A walk through the InformationWeek archives

The cloud is growing, but cloud outages are nothing new. And neither do we. InformationWeek was founded in 1985 and our online archives date back to 1998. Here are some highlights of the cloud’s worst times, taken from our archives.

April 17, 2007 / In Web 2.0 keynote, Jeff Bezos touts Amazon’s on-demand services, by Thomas Claburn — “Conference founder Tim O’Reilly asked if Amazon was making money on this, Bezos replied, ‘We definitely intend to make money on this “, before finally admitting that AWS was not profitable today.”

(As a reminder, folks, here in 2022, AWS is now worth a trillion dollars.)

August 12, 2008 / Sorry the internets are broken today, by Dave Methvin and Google apologizes for Gmail outageby Thomas Claburn — After a series of awkward disruptions in the Microsoft MSDN, Gmail, Amazon S3, GoToMeeting, and SiteMeter forums, Methvin laments, “When you use a third-party service, it becomes a black box that’s hard to check, or even know if or when something has changed Welcome to your future nightmare.

October 17, 2008 / Google Gmail outage brings out opponents of cloud computing, by Thomas Claburn — Given that the outage appears to have lasted more than 24 hours for some, affected paid Gmail customers appear to owe service credits under the terms of Gmail’s SLA. As one customer put it, “It’s not a temporary issue if it lasts this long.
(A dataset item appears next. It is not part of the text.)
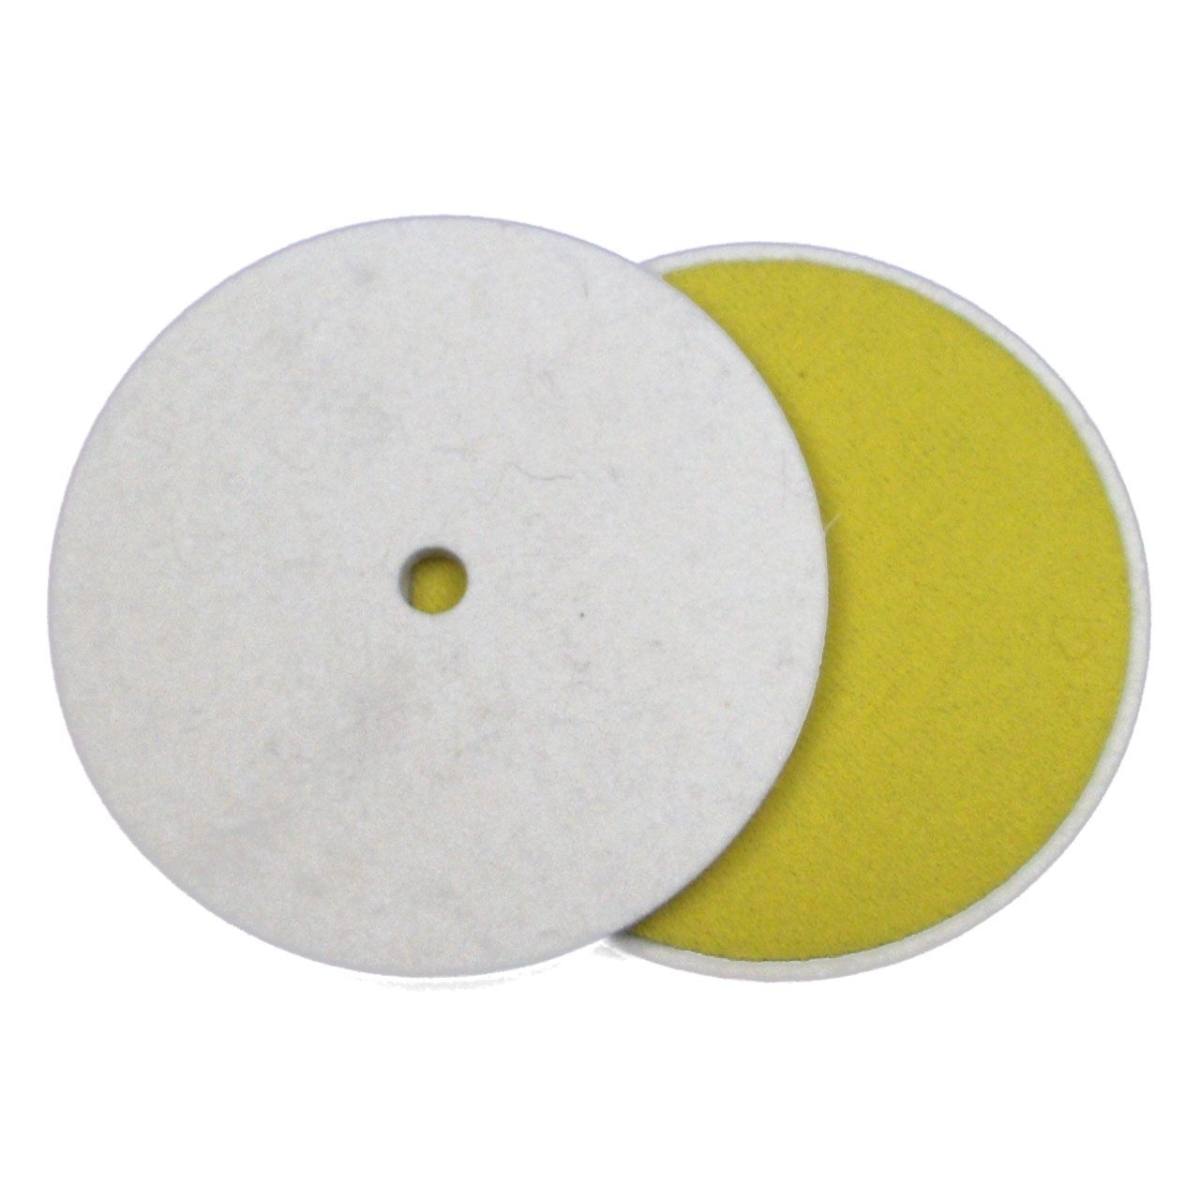 FIX KLETT felt disk, 100 mm x 10 mm, Merino, Velcro

It’s frustrating not being able to expedite these issues.”

June 11, 2010 / The five biggest weaknesses of the cloud, by John Soat – “The recent problems with Twitter (“Fail Whale”) and Steve Jobs’ embarrassment over the network blackout during the introduction of the new iPhone don’t exactly convey warm fuzzy feelings about the internet and performance of the network in general. An SLA cannot guarantee performance; it can only punish poor performance.”

[In 2022, a cloud SLA can accomplish basically nothing at all. As Richard Pallardy and Carrie Pallardy wrote this week, “Industry standard service level agreements are remarkably restrictive, with most companies assuming little if any liability.”]
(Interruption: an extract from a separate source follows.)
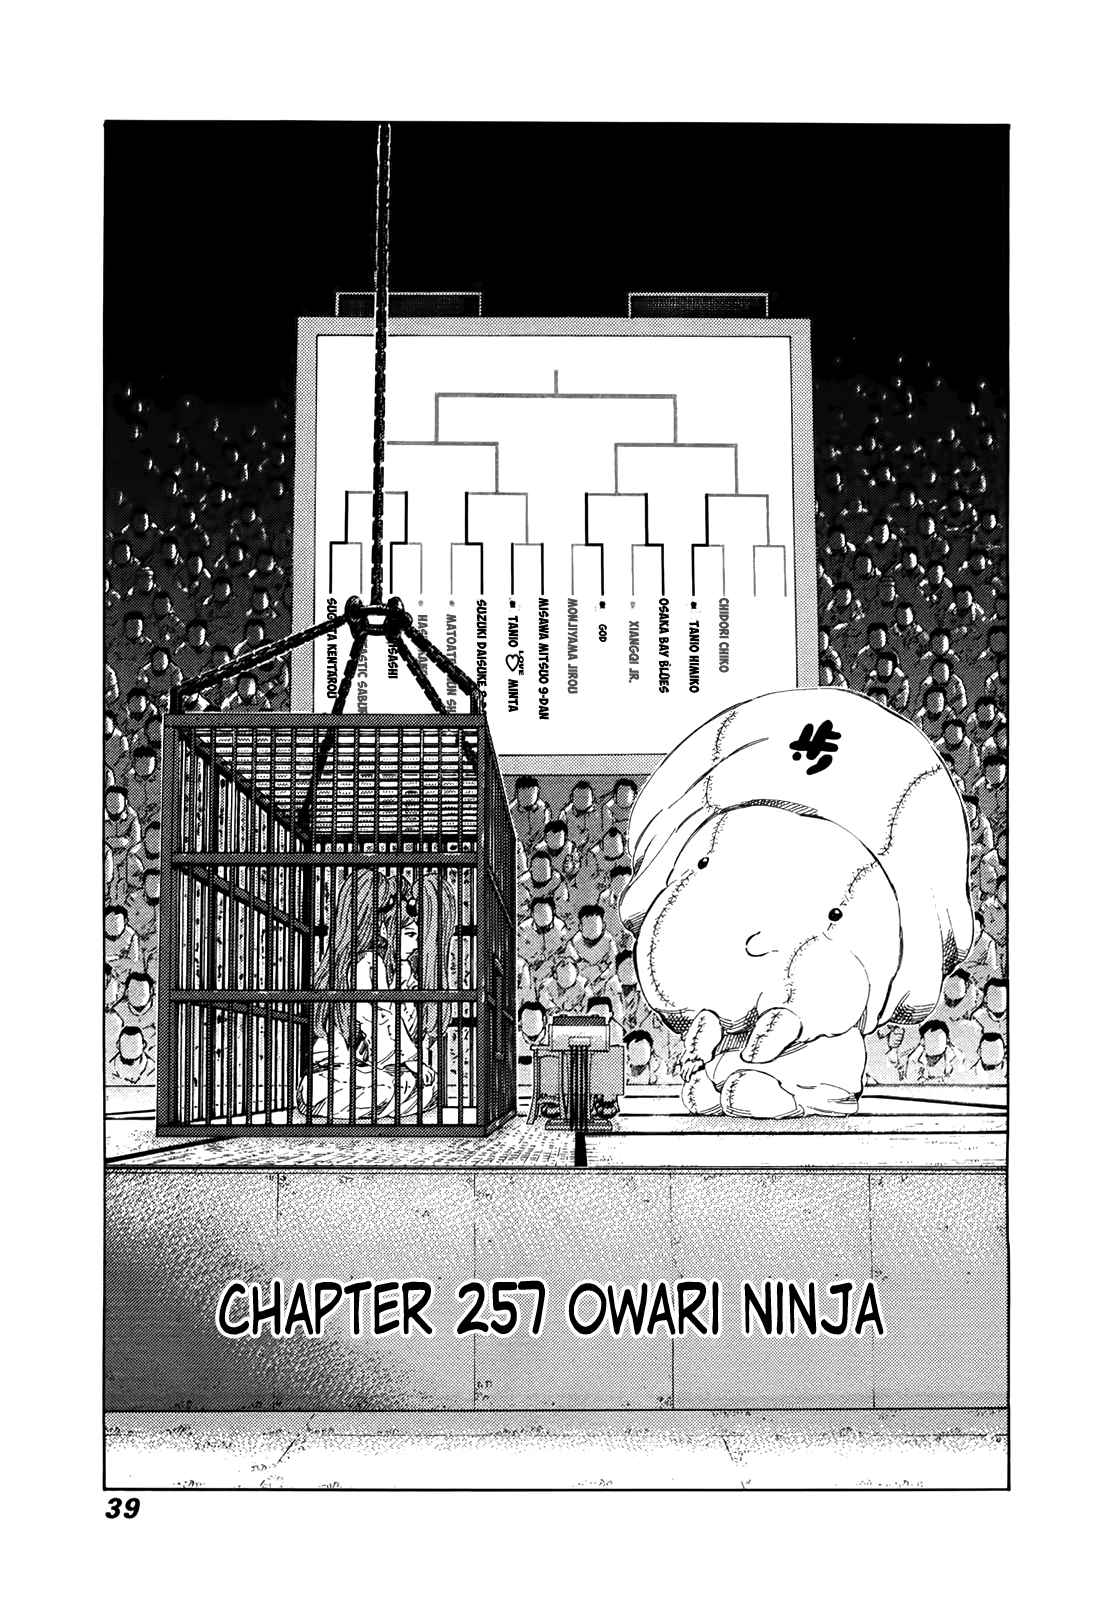 81diver Vol. 25 Ch. 257 Owari Ninja

April 21, 2011 / Amazon EC2 outage hinders websitesby Thomas Claburn / April 22, 2011 / The cloud takes a hit, Amazon needs to fix EC2, by Charles Babcock / April 29, 2011 / Post-mortem: When Amazon’s cloud turned itself on, by Charles Babcock – Amazon’s “Easter Weekend” outage that impacted Yard, Foursquare, Hootsuite, Heroku, Quora, and Reddit, among others. Babcock writes, “By building high availability into cloud software, we have escaped the limitations of hardware failures that have interrupted running systems. In the cloud, hardware can fail and everything else continues to function. On the other hand, we’ve discovered that we’ve entered a higher operating atmosphere and a larger aircraft on which potential failures can occur.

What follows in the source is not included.